This didn’t sell with the conservative caucus, because they don’t buy Boehner’s willingness to have a steel spine on these matters, nor do they trust anyone else in leadership to hold the line with “default” on the table. Given that, just as with sequestration, conservatives viewed shutdown as the better point of leverage, and the Ted Cruz-led defund push did its job: they won the argument with leadership, rejecting the debt ceiling/small ball strategy for a broader assault that slowly dialed back to delay of the individual mandate and rolling back special treatment of subsidies for Congressional members and staff, two populist issues that should’ve been the focus from the beginning.
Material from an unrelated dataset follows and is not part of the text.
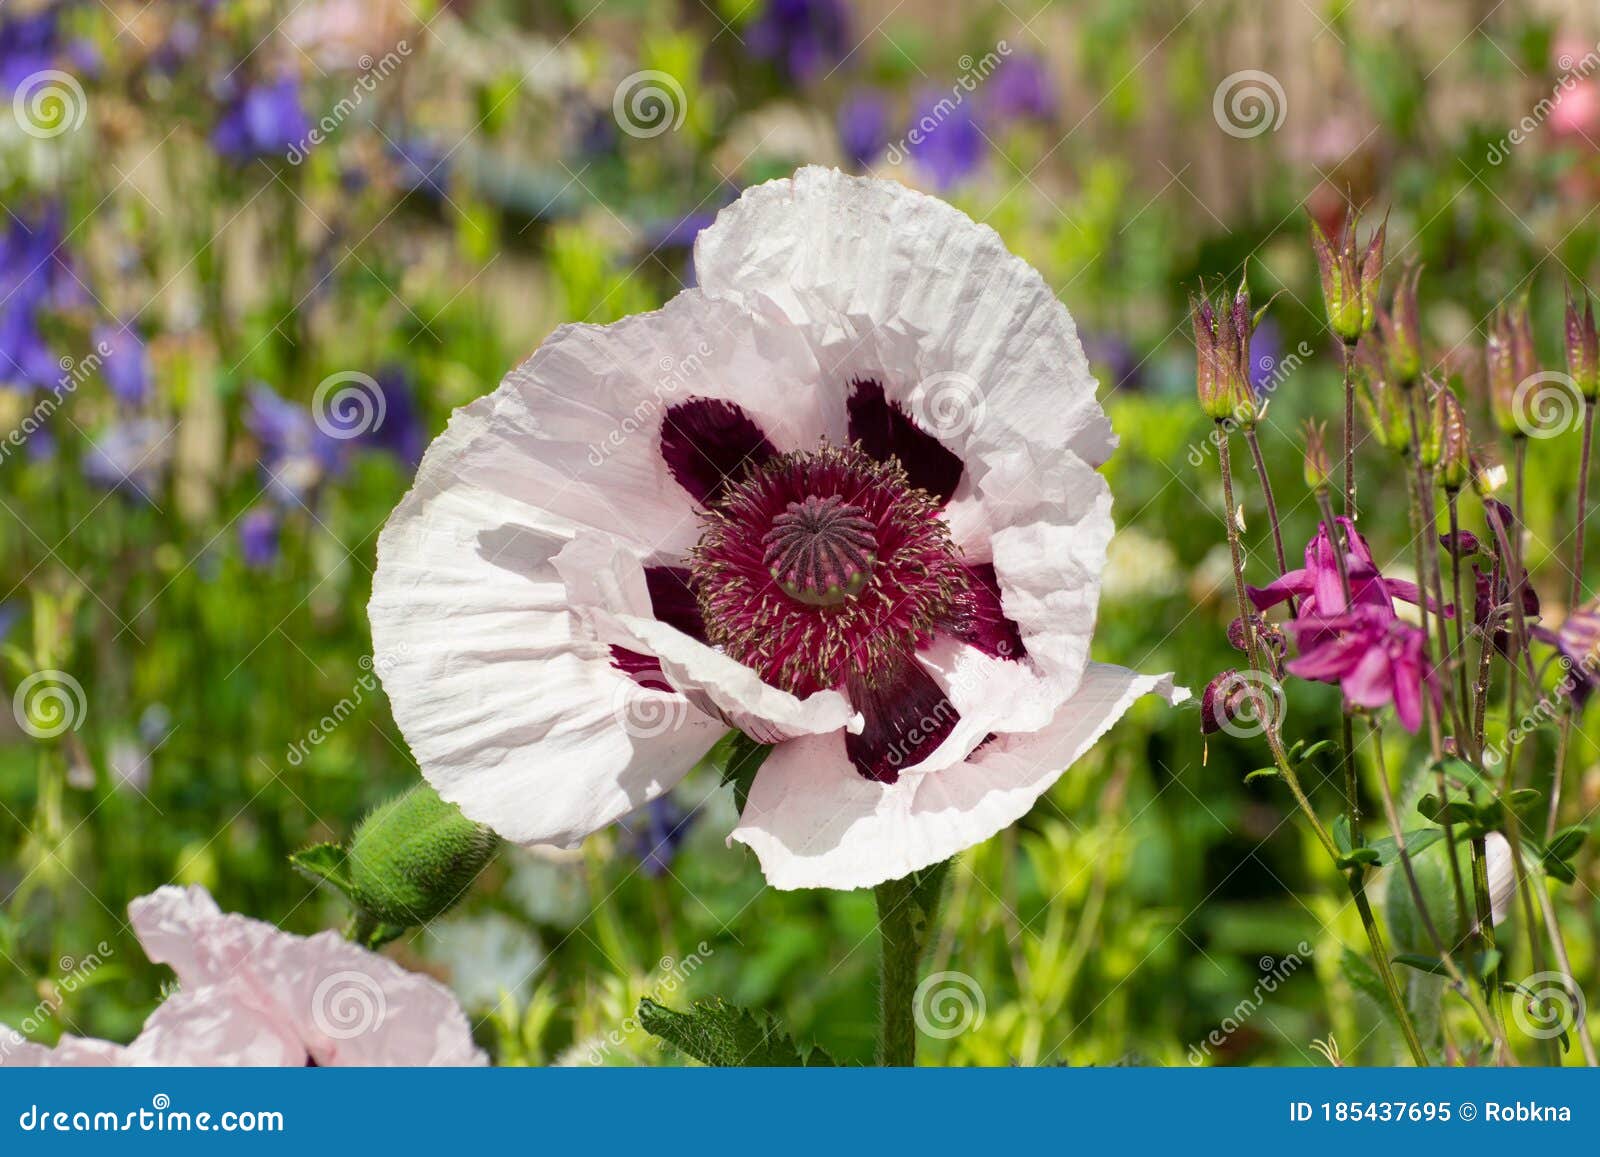 close up of a white and purple oriental poppy, papaver orientale or royal wedding

Today, Boehner is in a bind. He cannot end the shutdown without getting something, or he will likely lose his speakership. Negotiations have been nonexistent, because Harry Reid has no real interest in negotiating. In fact, given the latest acts of he and his staff, it seems clear that if there is any negotiation to be had, it will have to be with the president himself. Reid has poisoned the well by leaking emails with Boehner’s staff, the sort of very personal clash which makes negotiation impossible. Reid’s trying to make nice noises now, but no one thinks Republicans can actually deal with him. What’s more important is the news that Obama is inviting Boehner to meet at the White House:

Senate Majority Leader Harry Reid (D., Nev.) on Wednesday offered to engage in wide-ranging budget and policy negotiations with House Republicans, marking the first formal overture from congressional Democrats since parts of the government shut down on Tuesday. Mr. Reid, in a letter to House Speaker John Boehner (R., Ohio), didn’t offer policy concessions. But he said if House Republicans passed a simple short-term measure to reopen the government, Democrats would agree to begin broad negotiations on 2014 spending and other matters. The development came as President Barack Obama invited congressional leaders from both parties to the White House Wednesday afternoon to discuss the shutdown and looming debt-ceiling crisis.
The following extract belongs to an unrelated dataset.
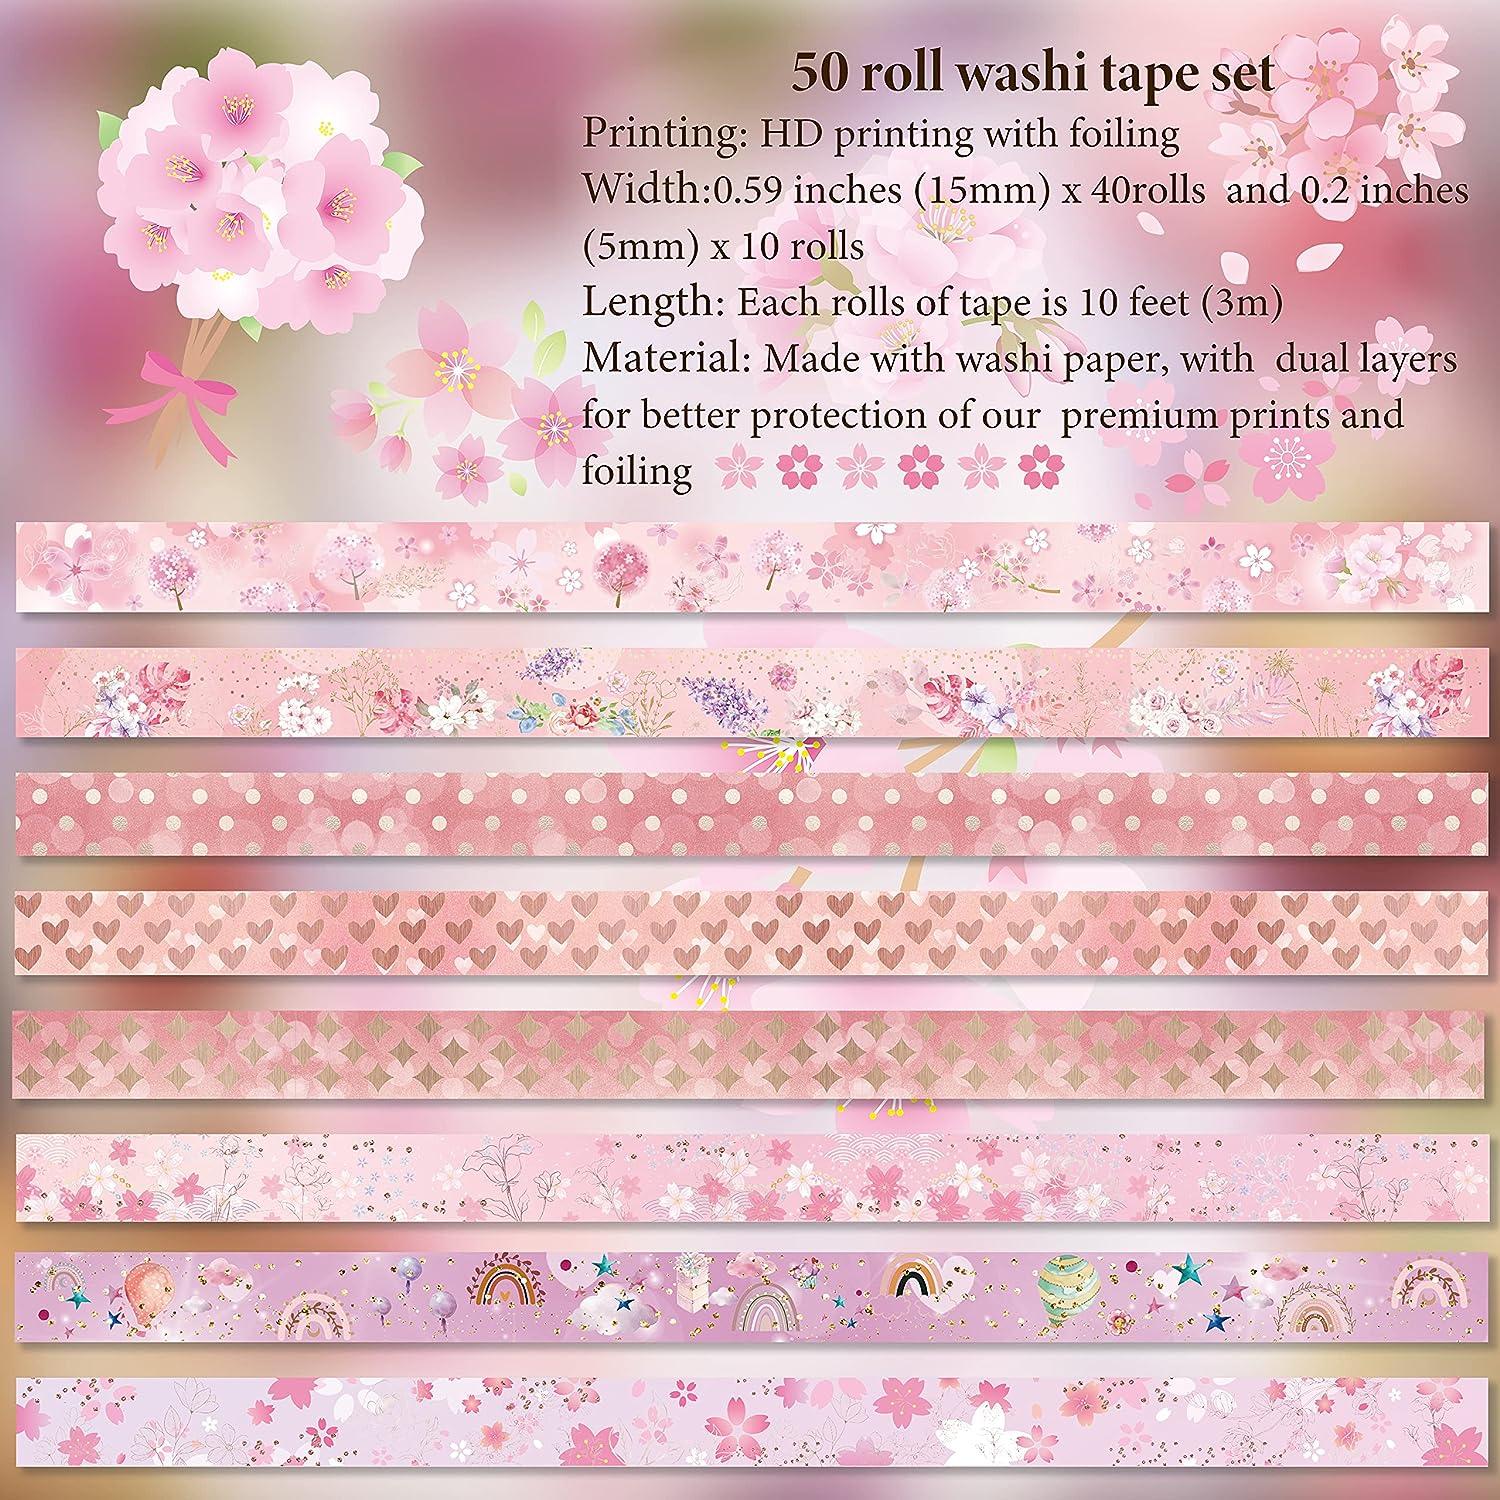  slapaflife Cute Washi Tape Set 50 Rolls Kawaii Animals Gold  Foil Decorative Masking Tape for Scrapbook,Washi Tape for Journaling, Scrapbooking Supplies,Party Decorations,Bullet Journals : Arts, Crafts &  Sewing

Now, keep in mind the president has to this point shown no interest in coming to the table to negotiate, but most Republicans thought he would have to do so as the debt ceiling approaches. In the meantime, Republicans will be holding vote after vote – as they did last night, and will today – where they fund portions of the government and force Democrats to vote against it to frame an image of intransigence. If and when the moment of negotiation comes (and this meeting could be the beginning of it), Boehner will roll out his original strategy: trade sequester rollback for policy changes (which may not have anything to do with Obamacare). But conservatives have forced those policy changes to be on Obamacare primarily or little else, and it is unlikely the Congressional exemption rollback (which is a farce anyway – most offices will just fire one staffer, or not hire someone, and use the extra budget to make up the funding differences in salary, and many believe the OPM rule at fault will not stand up to legal challenge) will satisfy any of the conservatives.

So there are three big questions now: First, will Republicans feel any real pressure over the government shutdown, or will the Chicken Little talk turn out to matter very little, in the same way it did with sequestration? Second, will conservatives define their terms for victory, settling on what a policy win looks like short of defunding Obamacare – accepting that they won the tactical argument, will they settle on something that represents an acceptable policy shift short of their bigger asks, coming away from all this with something they can point to as a policy win? And third – and this is the most troublesome one: will Obama call the debt ceiling bluff – would he actually be willing to default and throw the markets into chaos, knowing the media will blame Republicans anyway, in defense of his signature on his namesake law?

Increasingly, I suspect the answers are: no, no, and yes.